PROVIDED MATERIAL:
________________________________________

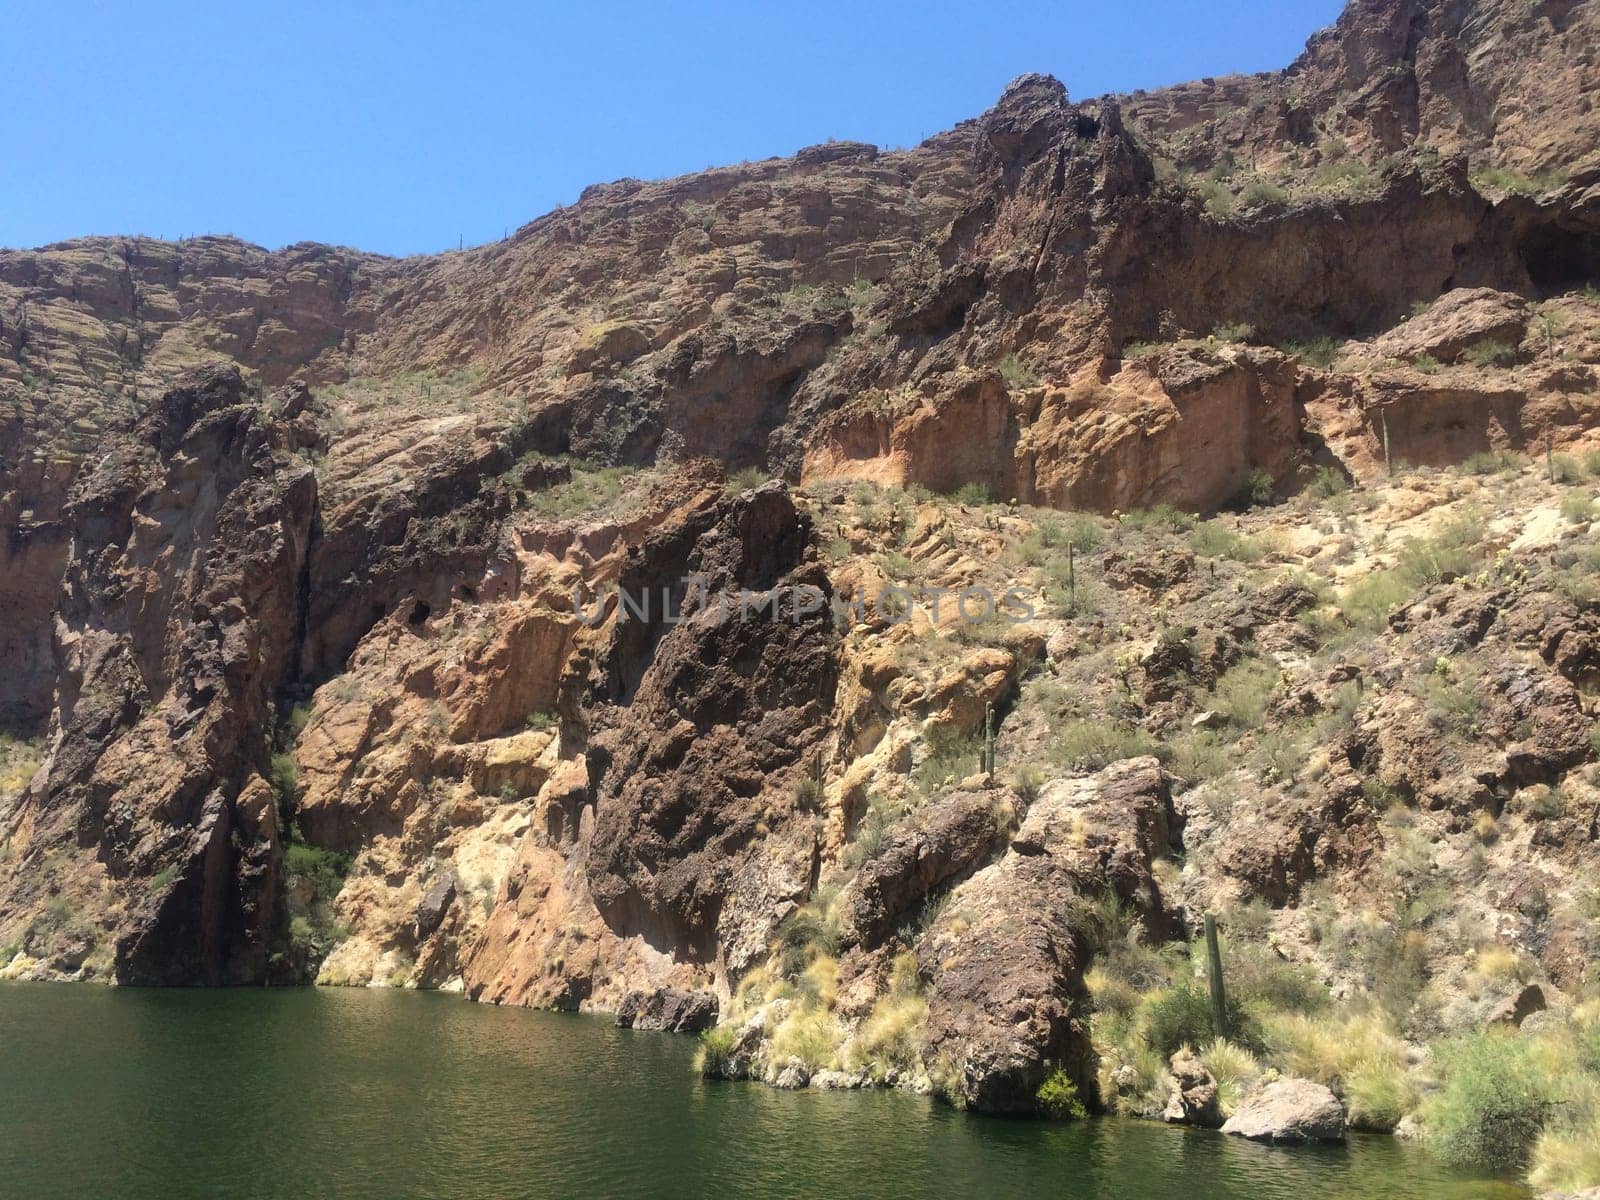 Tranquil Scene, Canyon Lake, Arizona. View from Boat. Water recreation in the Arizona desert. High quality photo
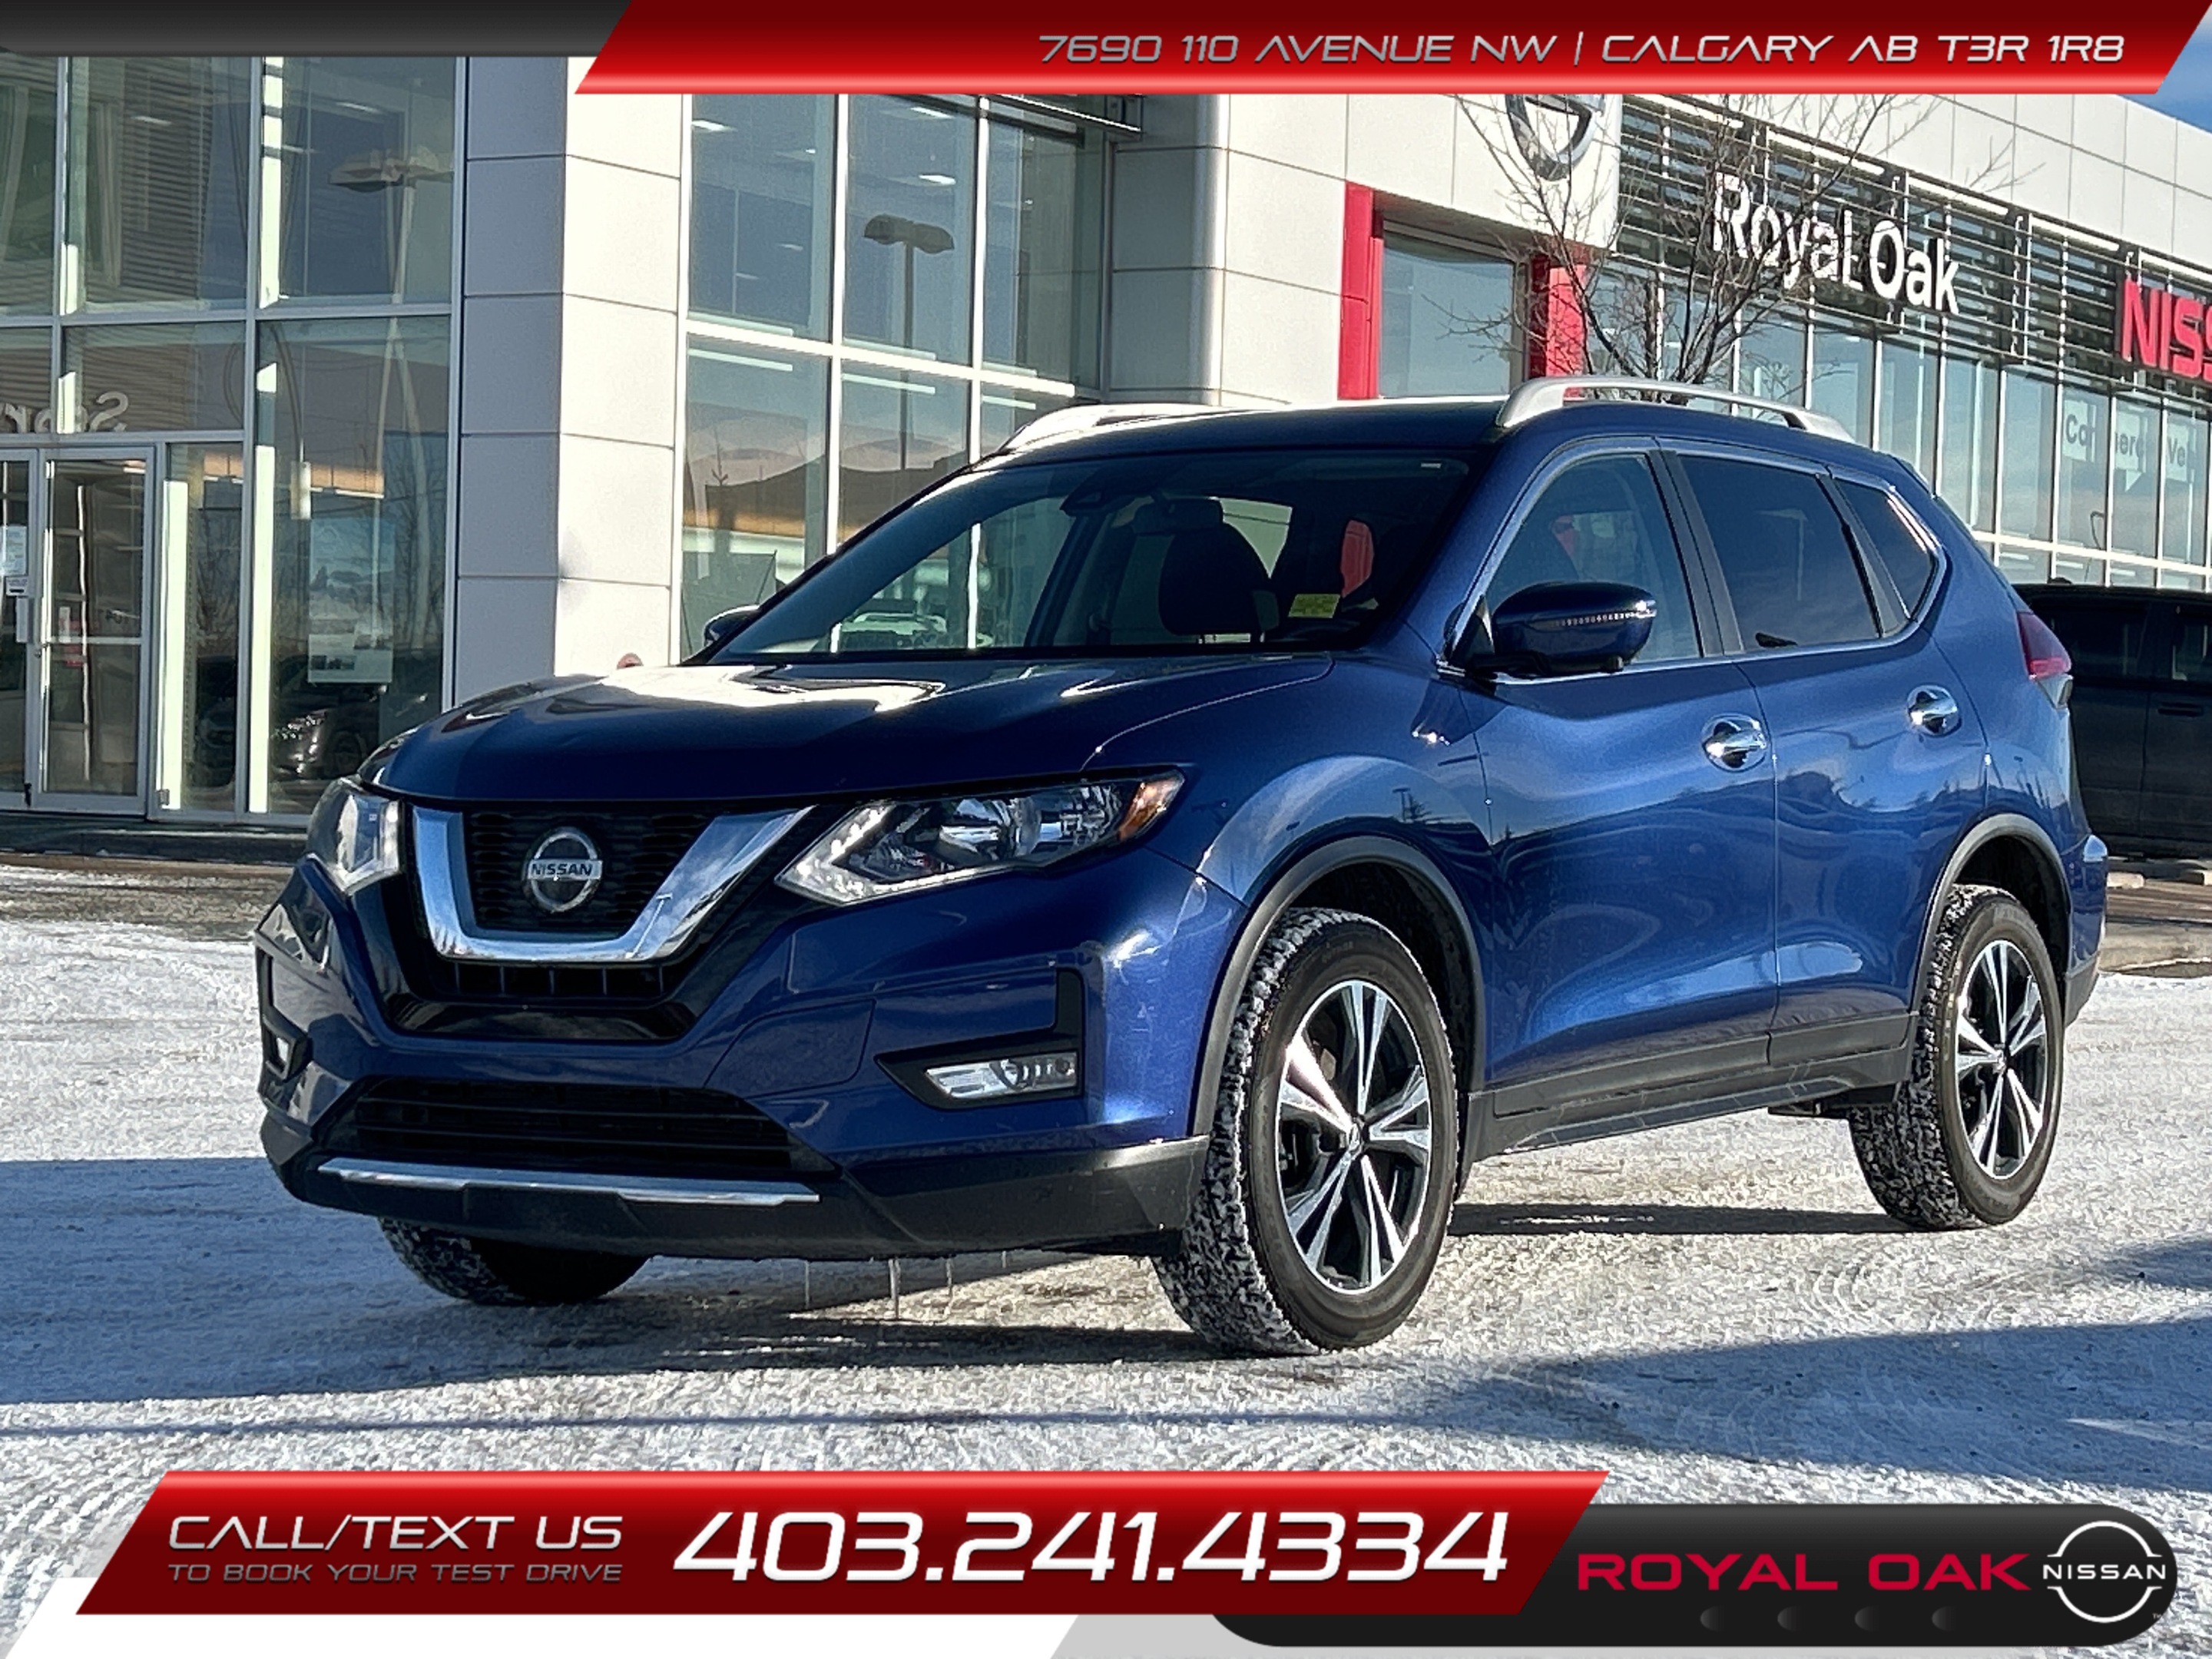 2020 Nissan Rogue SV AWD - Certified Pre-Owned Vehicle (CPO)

________________________________________

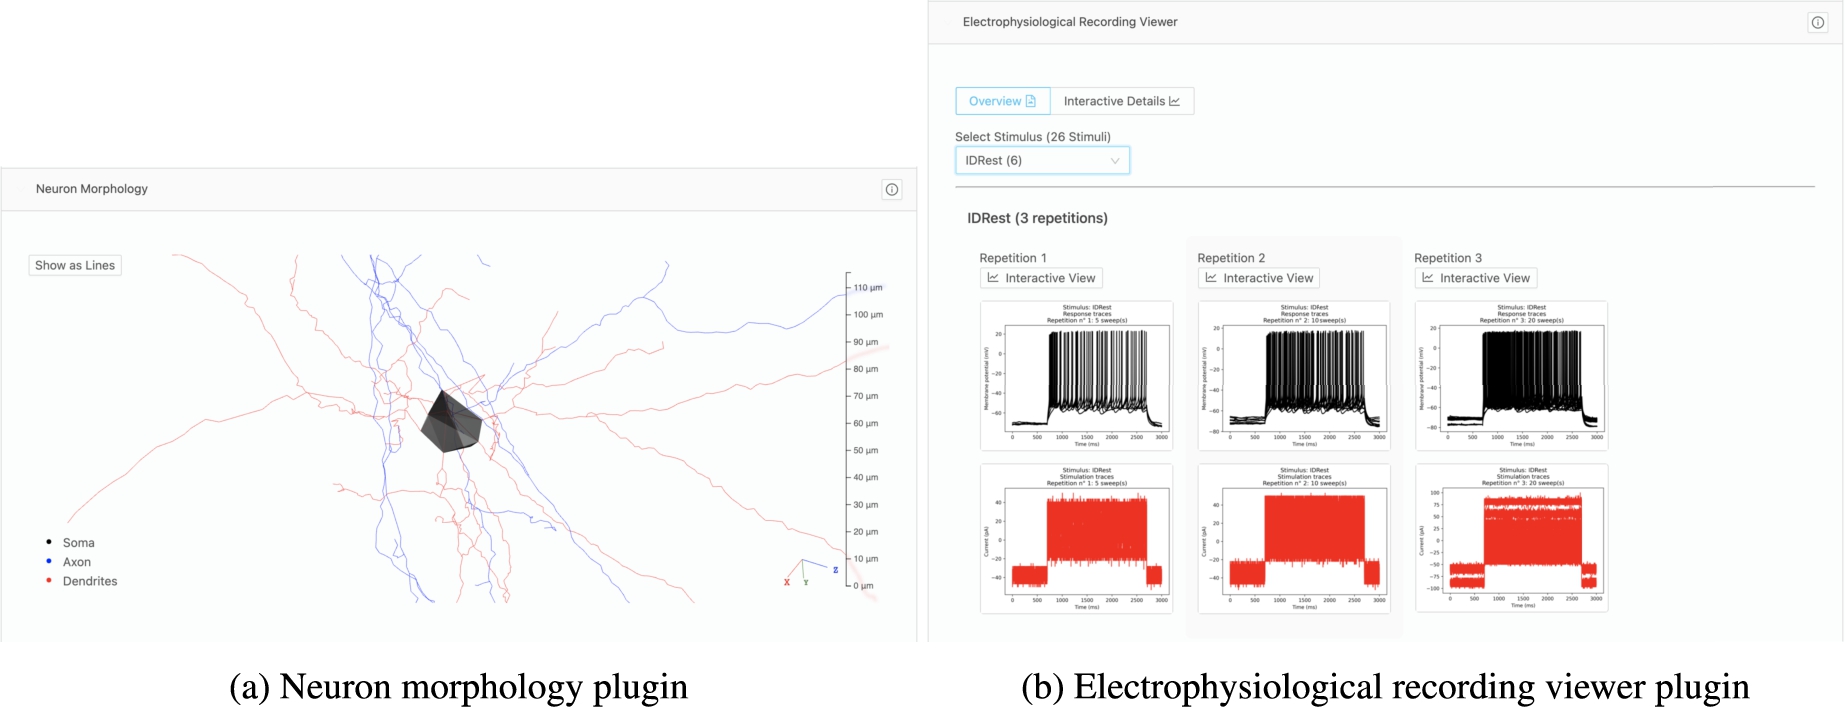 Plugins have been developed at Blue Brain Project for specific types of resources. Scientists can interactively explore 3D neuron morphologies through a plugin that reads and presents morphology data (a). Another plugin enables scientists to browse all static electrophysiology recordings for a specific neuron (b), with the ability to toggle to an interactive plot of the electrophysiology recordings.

________________________________________

ABOUT THIS EXERCISE: Within the data above, repeat exactly the lines from the one bearing "Tranquil Scene, Canyon" through the one bearing "2020 Nissan Rogue". Include no pictures and nothing else.

TASK SOLUTION:
 Tranquil Scene, Canyon Lake, Arizona. View from Boat. Water recreation in the Arizona desert. High quality photo
 2020 Nissan Rogue SV AWD - Certified Pre-Owned Vehicle (CPO)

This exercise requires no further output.